NEC is an important cause of death in premature infants. It is estimated that up to 12% infants with a birth weight of less than 1500 g will develop the disease, and 30% of them will not survive as overwhelming sepsis can occur when the intestinal mucosal barrier breaks down (Gephart et al., 2012). The clinical signs are often non-specific but when developing, diffuse areas of bowel necrosis can occur with the possibility of perforation, necessitating emergency surgery. The pathogenesis of NEC is not fully understood but NEC does not occur until at least 8–10 days postpartum when bacteria have colonized the gut. The intestinal immaturity with inadequate intestinal barrier function and an excessive inflammatory response towards the post-natal microbial colonization of the intestine predisposes to NEC (Neu and Walker, 2011). As tissues resected from infants with NEC are obtained at later severe stages of the disease, they cannot reveal early pathogenesis. Animal models have therefore been developed, usually combining enteral feeding and hypothermic or hypoxic stress in the preterm or early postterm period, to identify the mediators of GI inflammation in NEC (Sodhi et al., 2008). A unifying pathogenetic hypothesis was recently put forward (De Plaen, 2013). Following the introduction of food, there is a proliferation of the intestinal bacteria. These bacteria and their products adhere to the epithelium, breach the immature intestinal mucosal barrier and activate lamina propria immunocytes. These produce inflammatory agents that attract further inflammatory cells, in particular neutrophils, and inflict further damage to the intestinal barrier with bacterial translocation and mucosal necrosis. The way to sepsis and shock is then open.

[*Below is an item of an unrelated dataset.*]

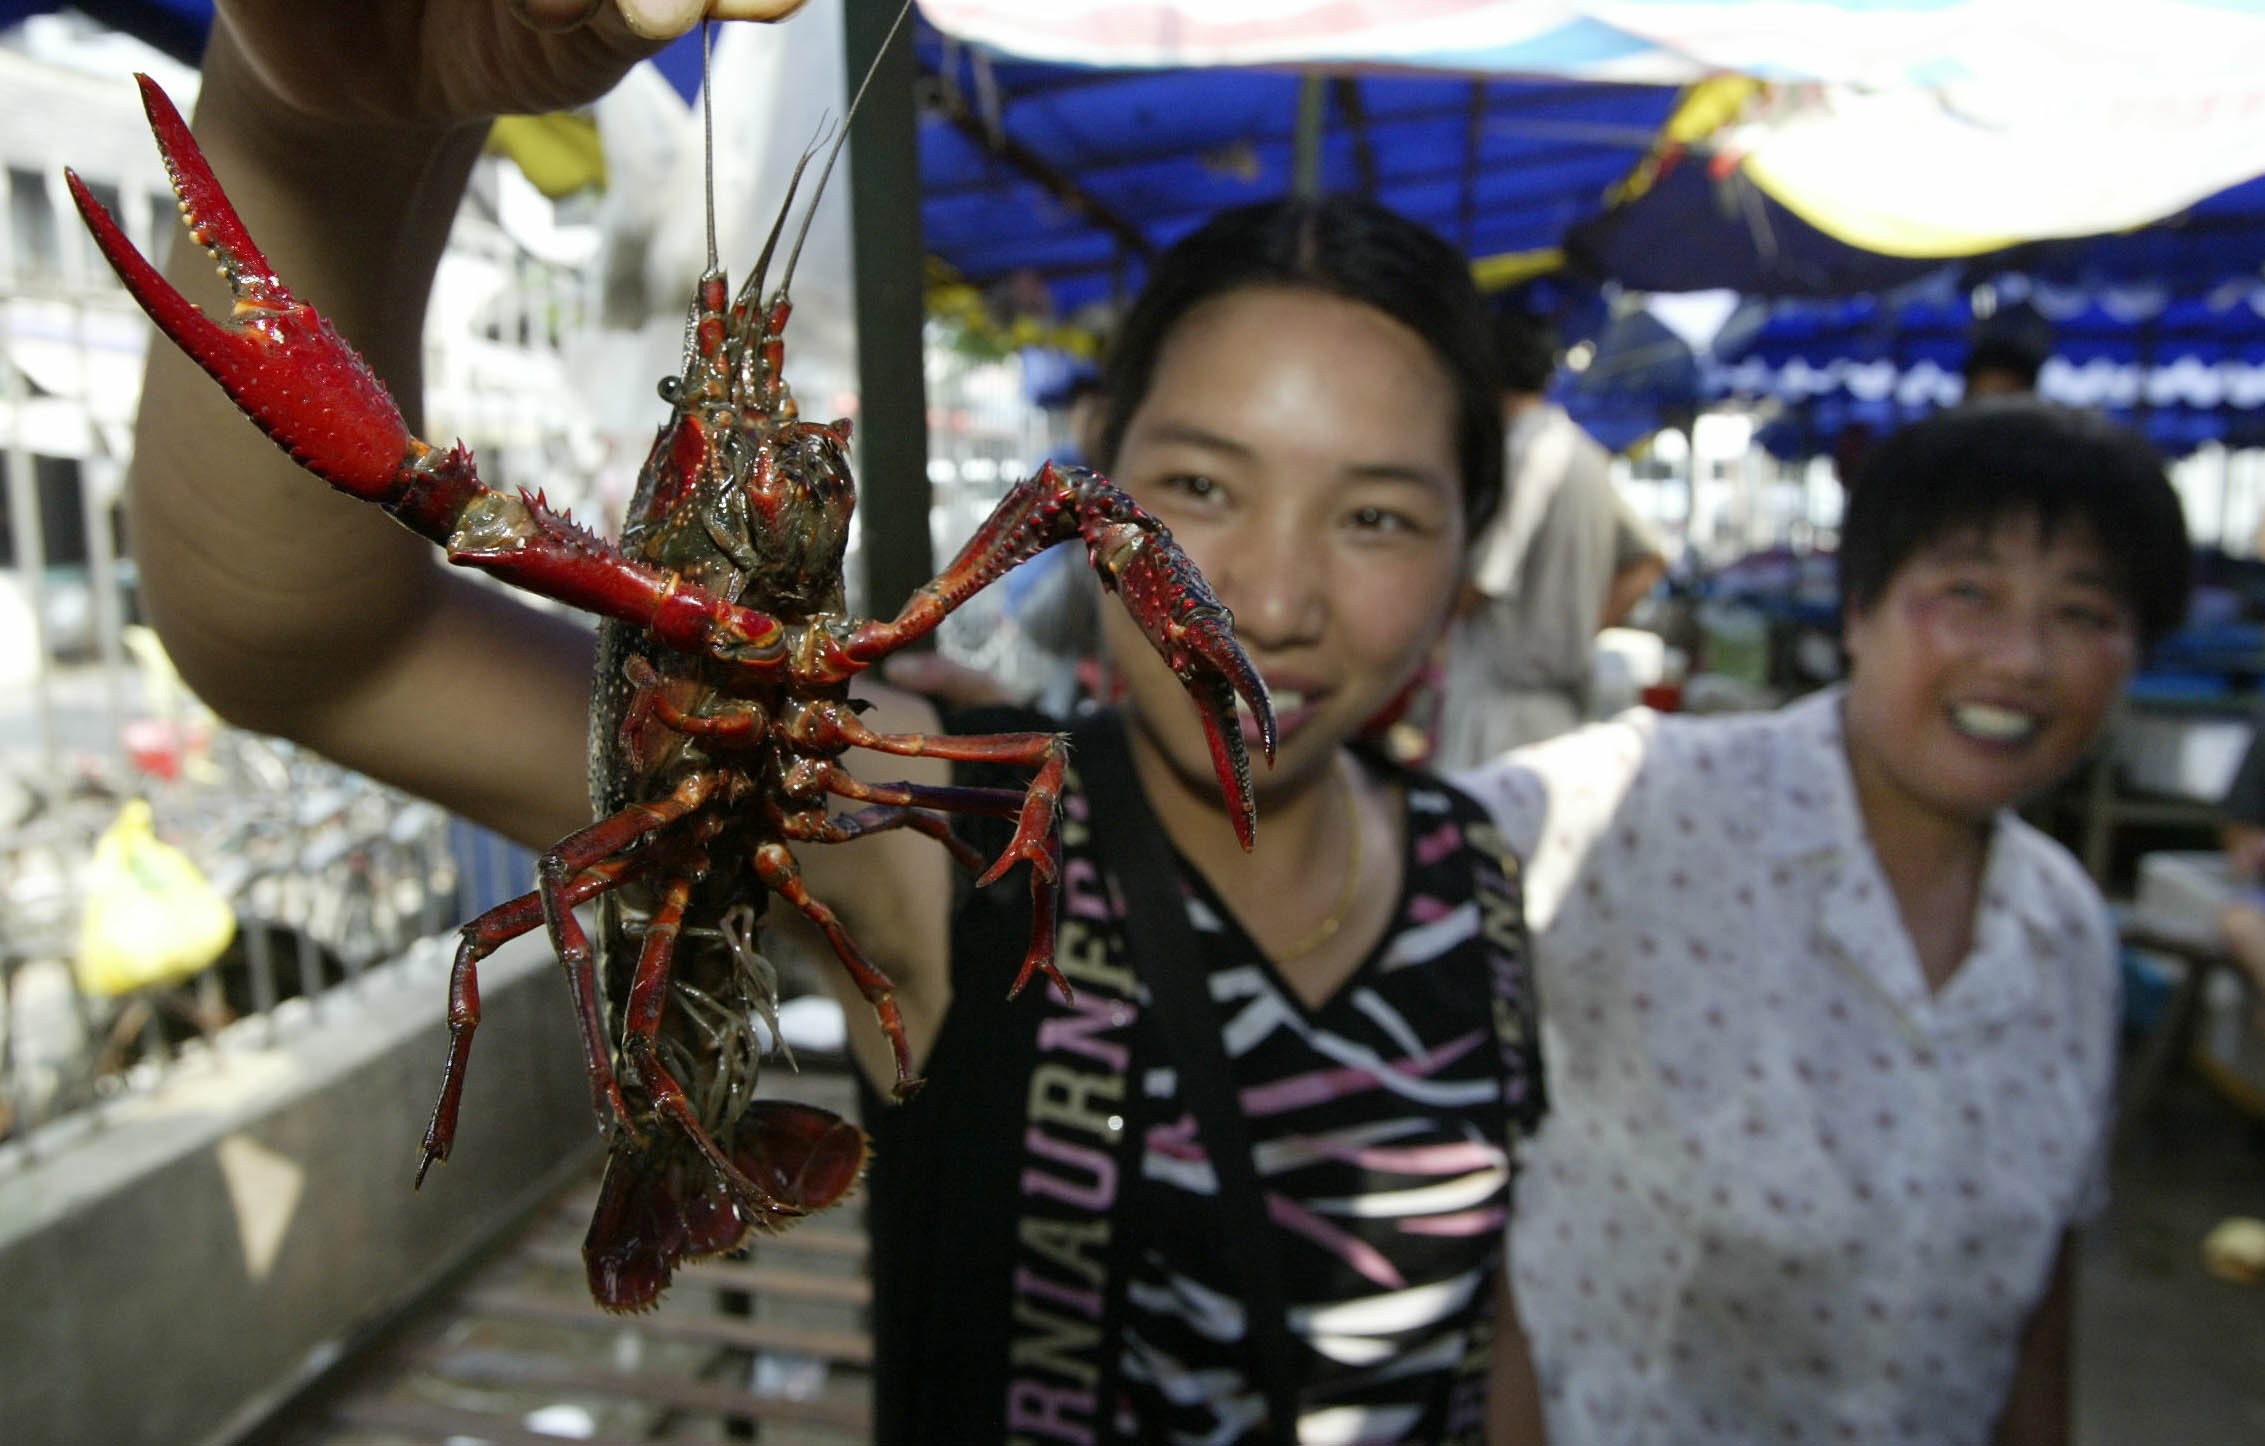 Chinese foodies’ love for crayfish – better known as small lobsters in China – has created a lucrative business for farmers, wholesalers and exporters. The country is now the world’s biggest producer and exporter. Photo: SCMP

Role of HO1/effect of CO in NEC

In line with observations that intestinal specimens of children with NEC show increased expression of HO1 protein (Zuckerbraun et al., 2005b), two recent experimental studies suggest that the impaired ability of the intestine to react with HO1 expressed in the immature intestine contributes to the development of NEC. Exposure of newborn rats (day 1) to hypercapnia followed by re-oxygenation induced gut barrier failure (increased peroral FITC-dextran uptake) and increased intestinal iNOS expression and caspase-3 activity, but not so in weanling rats (15 days). In the latter case, the procedure induced the expression of HO1 protein in the GI tract within 24 h, while HO1 protein was only increased at 72 h in newborn rats. Pretreatment of newborn rats with haemin induced earlier expression of HO1 and attenuated gut barrier failure and apoptosis (Pietzcker et al., 2012). Using 7-day-old heterozygous HO1 (+/-) mice, Schulz et al. (2013) showed that a partial lack of HO1 promotes the development of NEC induced by combining oral gavage of formula food and exposure to hypoxia; the enterocolitis incidence was higher and the survival rate lower than in wild-type mice. Whether either one or both of the HO1 products, CO and biliverdin-bilirubin, prevent enterocolitis was not investigated in the studies of Pietzcker et al. (2012) and Schulz et al. (2013). Zuckerbraun et al. (2005b) showed that exposure to 250 p.p.m. CO for 1 h per day in neonatal rats exposed to hypoxia and formula feeding from day 1 to 3 decreased terminal ileal inflammation and reduced mortality on day 4. The beneficial effects of CO were associated with attenuation of the hypoxia/formula-induced iNOS expression and protein nitration in terminal ileum mucosa. CO also prevented the increase in serum nitrite, TNF-α and IL-1β levels, suggesting that CO also has a systemic effect on inflammatory cells.

Perspectives

CO might thus be considered as a therapeutic agent in human NEC. As systematic exposure of premature infants to CO will not be acceptable, additional experimental studies are required to investigate whether CO can still be effective when the signs and symptoms of suspected NEC occur, and whether the protective effects can also be obtained with CO-RMs.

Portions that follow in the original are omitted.